The warp and weft of a troubled craft: on weavers in Tamil Nadu

At a time when the ailing handloom sector has been hit by demonetisation and price woes, weavers are demanding increased State support

July 30, 2017 03:05 pm | Updated December 03, 2021 12:36 pm IST - CHENNAI

Madurai, Tamil Nadu, 29/07/2017: (For TRK story) The weaver at work on the pure silk hand loom saree weaving the different colours of threads into a selected pattern at Paramkudi in Ramanathapuram district. Photo: R. Ashok

Madurai, Tamil Nadu, 29/07/2017: (For TRK story) The weaver at work on the pure silk hand loom saree weaving the different colours of threads into a selected pattern at Paramkudi in Ramanathapuram district. Photo: R. Ashok

A.R. Ramadas, a handloom weaver of Paramakudi in the drought-prone district of Ramanathapuram, rues his fate. Living in an old, rented house with walls lined with cracks, Ramadas, who is in his 70s, does not want his school-going granddaughters to have any association with weaving when they grow up. Coming from the Saurashtrian community, who take pride in their traditional occupation, Ramadas is emphatic. “It is not at all a paying profession. Why should they get into this business which involves tough working conditions?” asks the veteran weaver, who established Sree Pandian Cooperative Weavers’ Society 40 years ago.

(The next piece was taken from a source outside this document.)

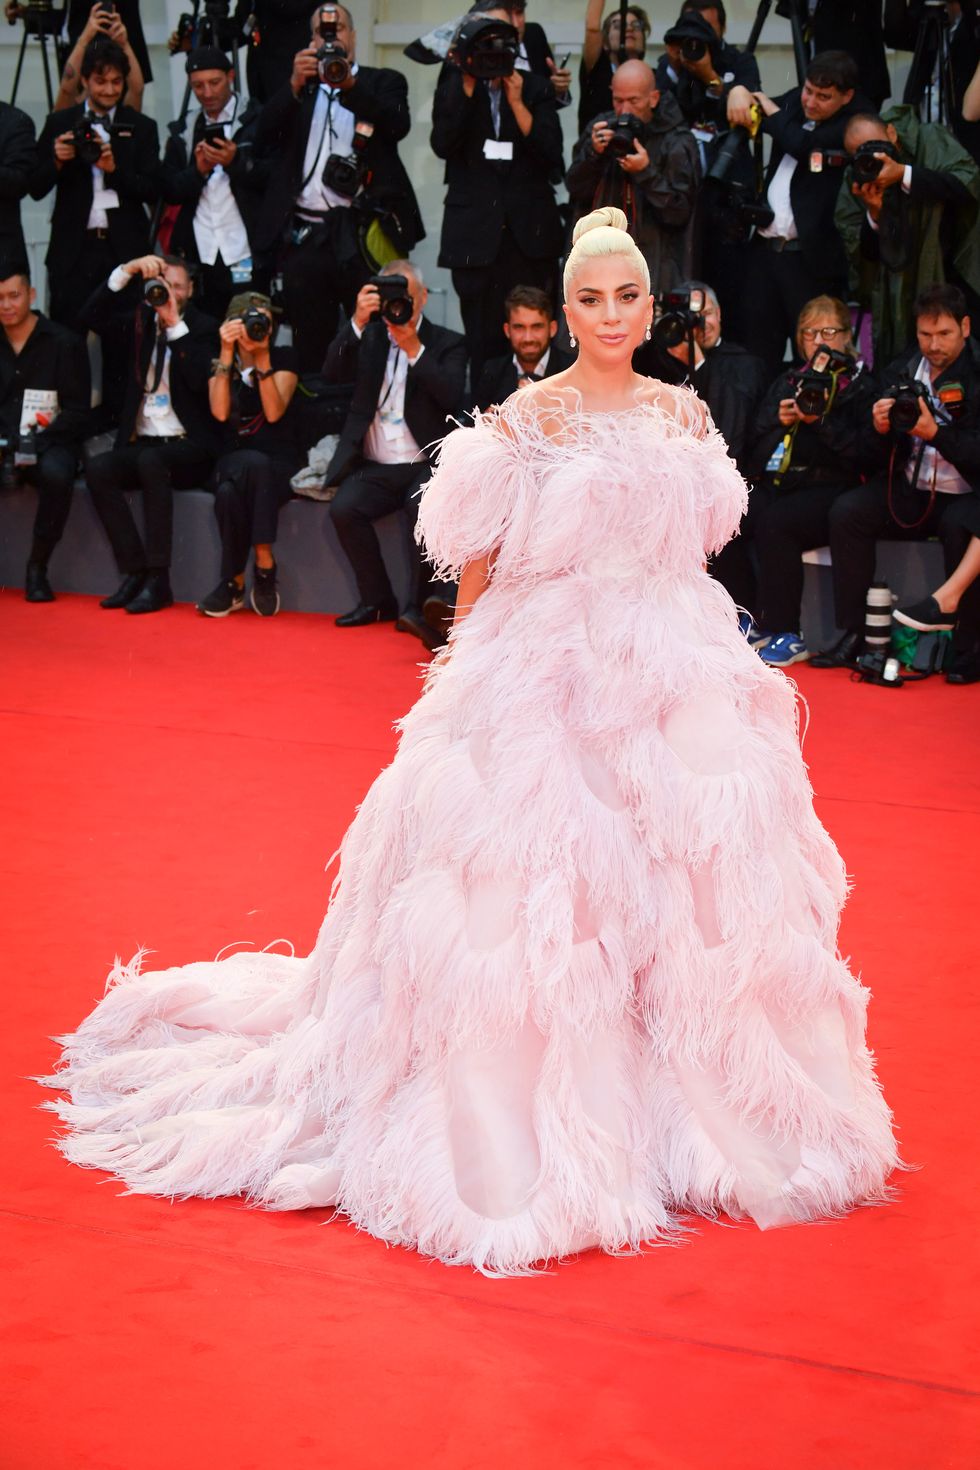 venice, italy   august 31  lady gaga walks the red carpet ahead of the a star is born screening during the 75th venice film festival at sala grande on august 31, 2018 in venice, italy  photo by stephane cardinale   corbiscorbis via getty images

Ramadas is not alone in his decision. As is happening in agriculture, young people are moving away from weaving and the share of senior citizens in the overall population of weavers is on the rise.

Thanks to the growth of opportunities in the formal sector, the younger generations of weavers are increasingly attracted to better paying, white collar jobs. “This is why we won’t mind even the link with weaving getting snapped after our generation,” laments G.G. Ramanathan, vice-president of the weavers’ society.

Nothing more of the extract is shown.